All that she vaguely purports to say is that form about 1995, maintenance has not been paid to her. In the light of all these features, the impugned order has to be set aside. 8. However, we find that as per the statement given by defendants 1 and 2 a sum of Rs.7,650 is received by way of rent from those suit properties, which are, as per the claim of both the plaintiff on the one hand and defendants 1 and 2 on the other hand, common properties belonging to both the plaintiff and defendants 1 and 2. Whileso, we feel that it would be proper if some direction is given for the abovesaid proposed party getting at least a portion of the said rents as for her maintenance, since it is also said that not only her maintenance has to be taken care of, but also the maintenance of one of her above referred to two daughters, who still remain a minor, aged about 17 or so. It is also said that she has also one more minor child. In the above circumstances, the plaintiff himself has come forward to pay a sum of Rs.3,500 every month at least from now, towards the maintenance of the abovesaid proposed party and her children. Learned counsel for the plaintiff represented before us that the plaintiff would be paying the said sum of Rs.3,500 to the abovesaid proposed party every month.
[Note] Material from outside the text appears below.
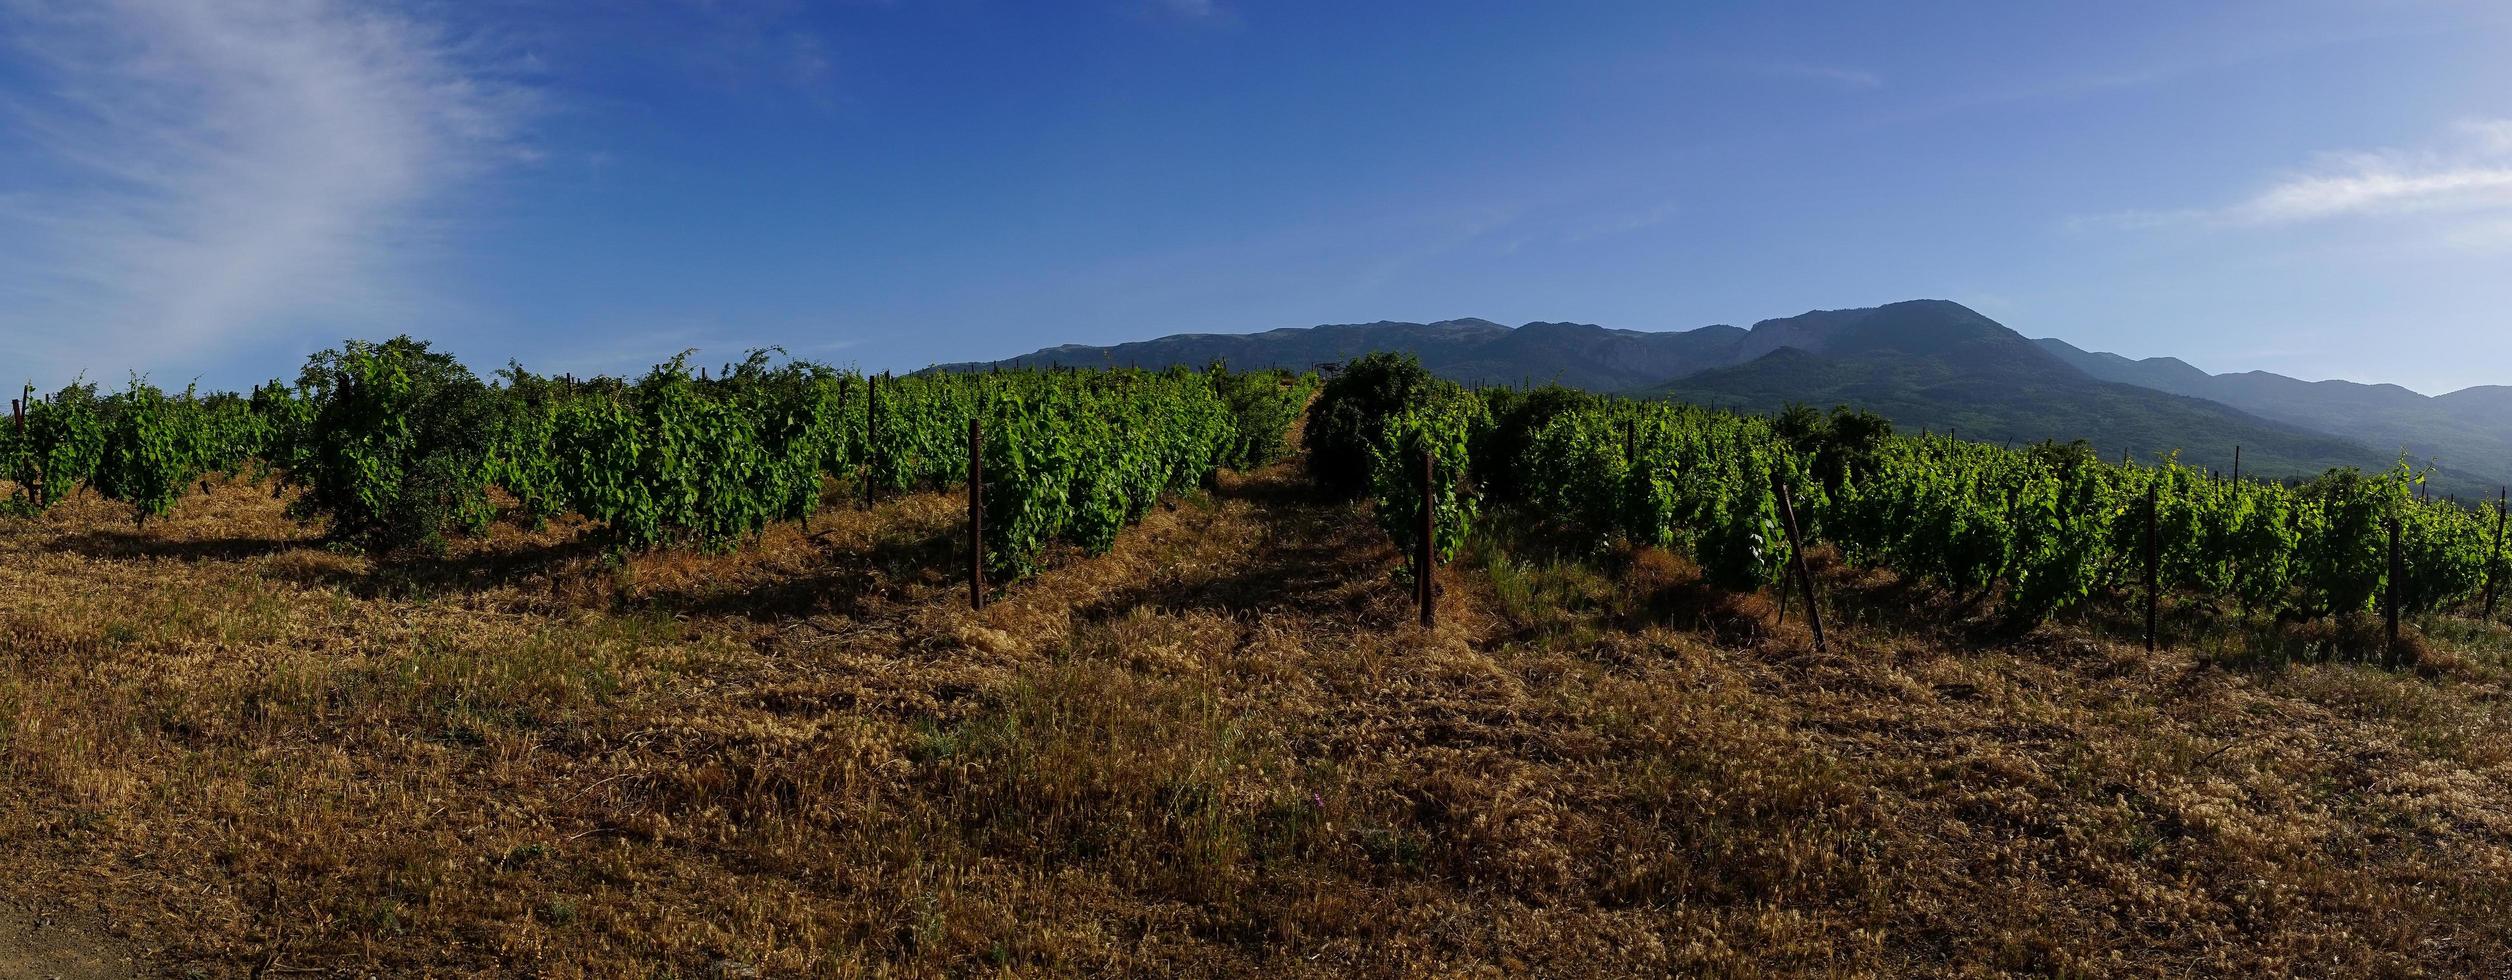 le paysage naturel des vignobles de Crimée. photo

In the circumstances, we direct the plaintiff to do so beginning from the month of December. 1996. The said monthly sum shall be paid every month beginning from the month of December, 1996. The amount payable for the month of December shall be paid on or before 20th December and accordingly, thereafter also, it shall be paid every month. 9. With the above direction, we set aside the impugned order and allow the appeals. However, in the circumstances of the case, there will be no order as to costs. Consequently, C.M.P.Nos.14572 and 16688 of 1996 are dismissed.